The only thing true about true love is that it’s infatuation and it makes you blind for sure.  I remember going back on everything I’d told myself I’d never do again.  He eventually proposed and told me I had to become the same religion he was.  I put my foot down firmly and said no, I had learned from my last experience not to ever become religious again, but as usual, I gave in.  I became Lutheran and we got married when I was twenty-seven.  Our wedding was like a fairy tail and I continued to say a quick, “thank you,” to God for blessing me to feel so happy.

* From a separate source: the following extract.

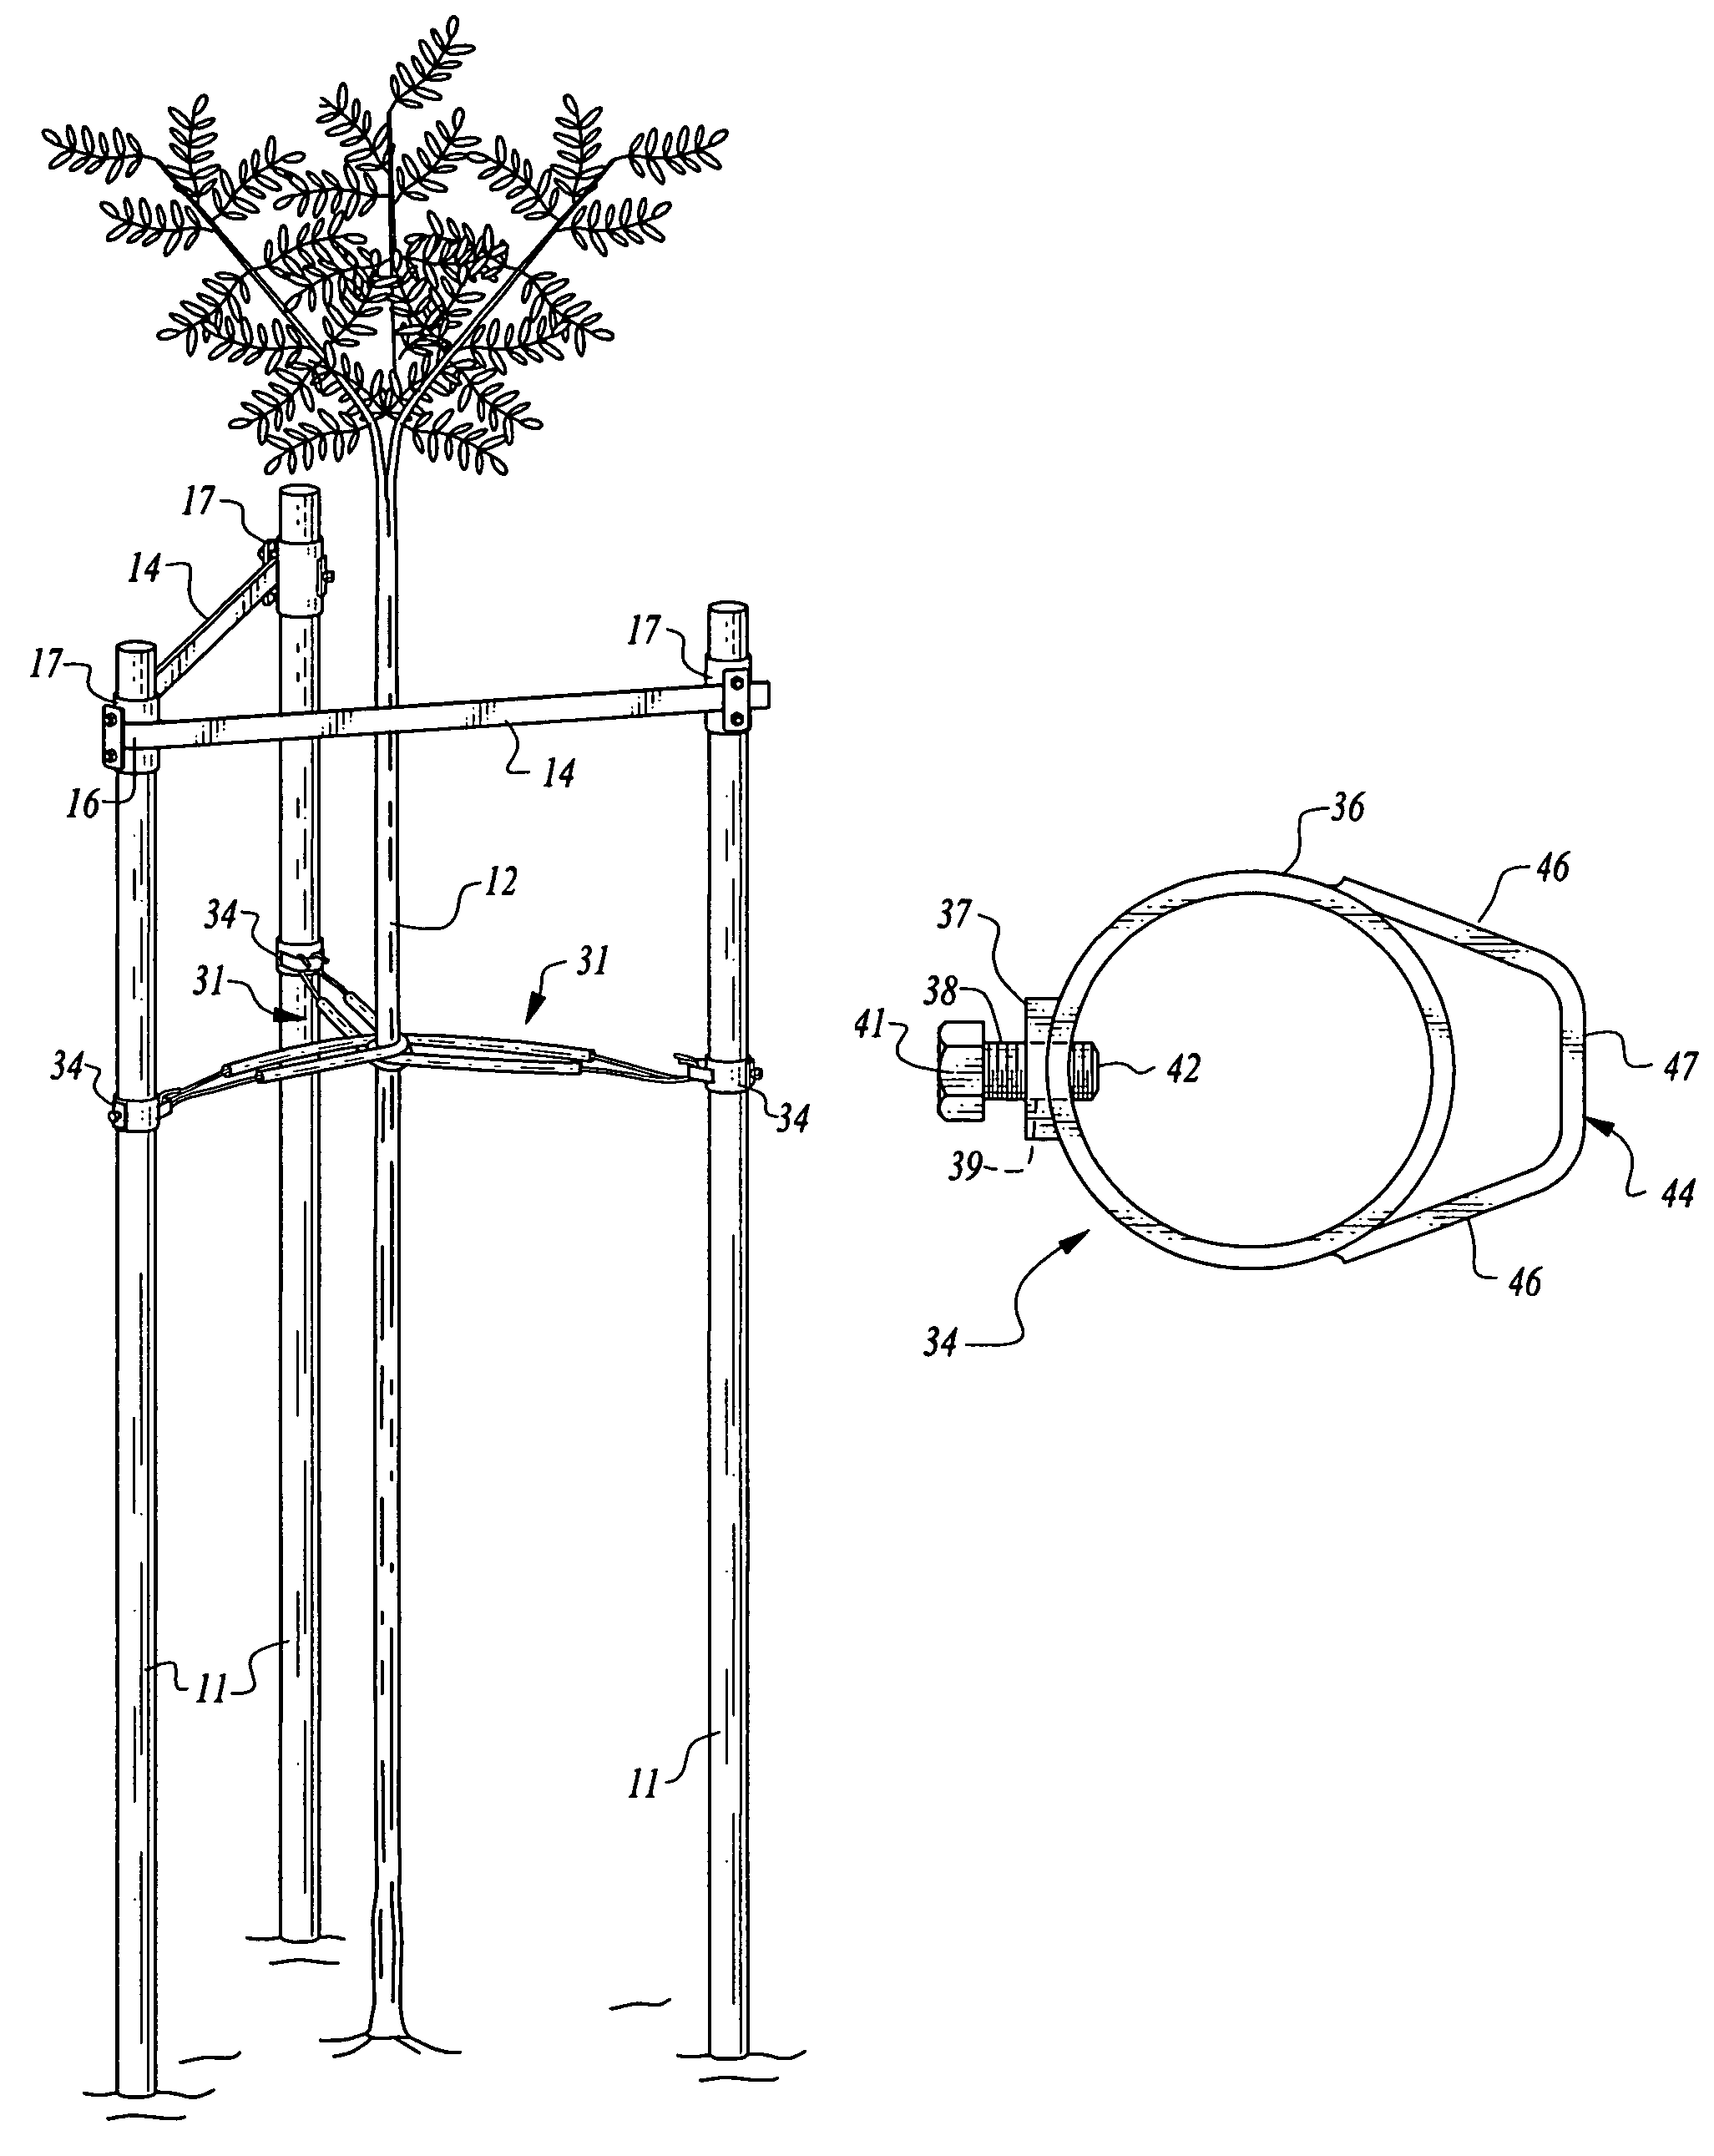 Apparatus for staking trees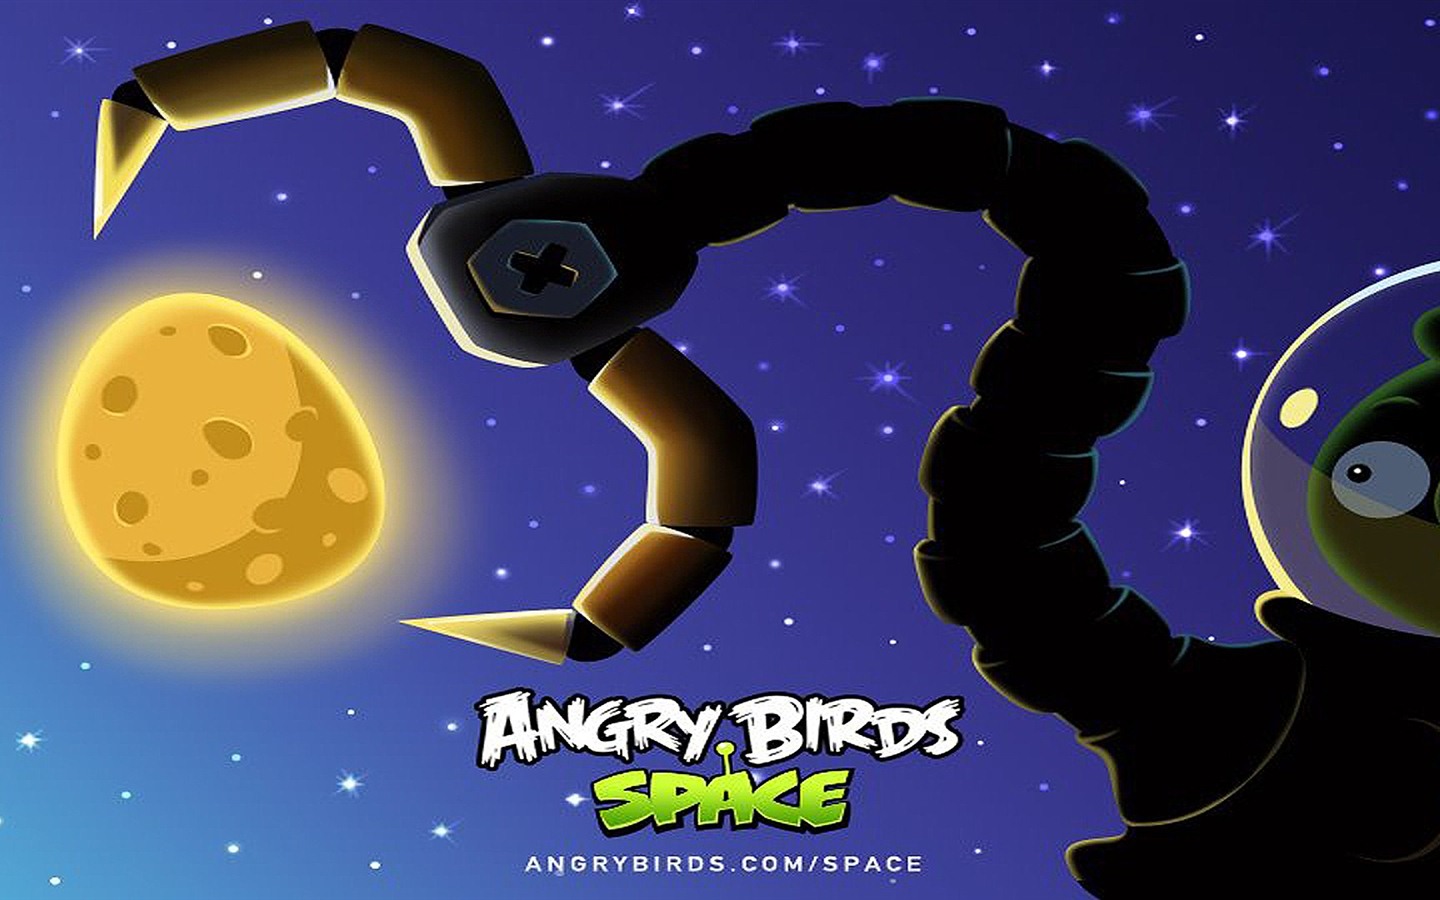 Angry Birds Game Wallpapers #24 - 1440x900

That Mountain Top Happiness is Always Temporary 
Unexpectedly, but to our delight I got pregnant with a son the first month of our marriage.  Shortly after the news of my pregnancy I began to notice a gradual downhill slide from that Mountain top high.  By the time our son was a toddler,  I heard those dreaded words, “there’s someone else” and “I never loved you.”  I never saw that cliff coming and I fell much lower than any high of happiness could have made it worth.
The Blur of Stress
I kept busy living  life, just existing in self-preservation mode, working overtime and taking night classes, my thirties flew by in a blur of stress.  Now I was a single mom with two children.  I had just enough belief in God to blame Him even more than I’d thanked Him and I mean for everything; all the pain and suffering in my life and in the entire world.  This numbness wasn’t like the depression I’d experienced previously, it felt more like a hardness, bitterness with a lot of underlying anger.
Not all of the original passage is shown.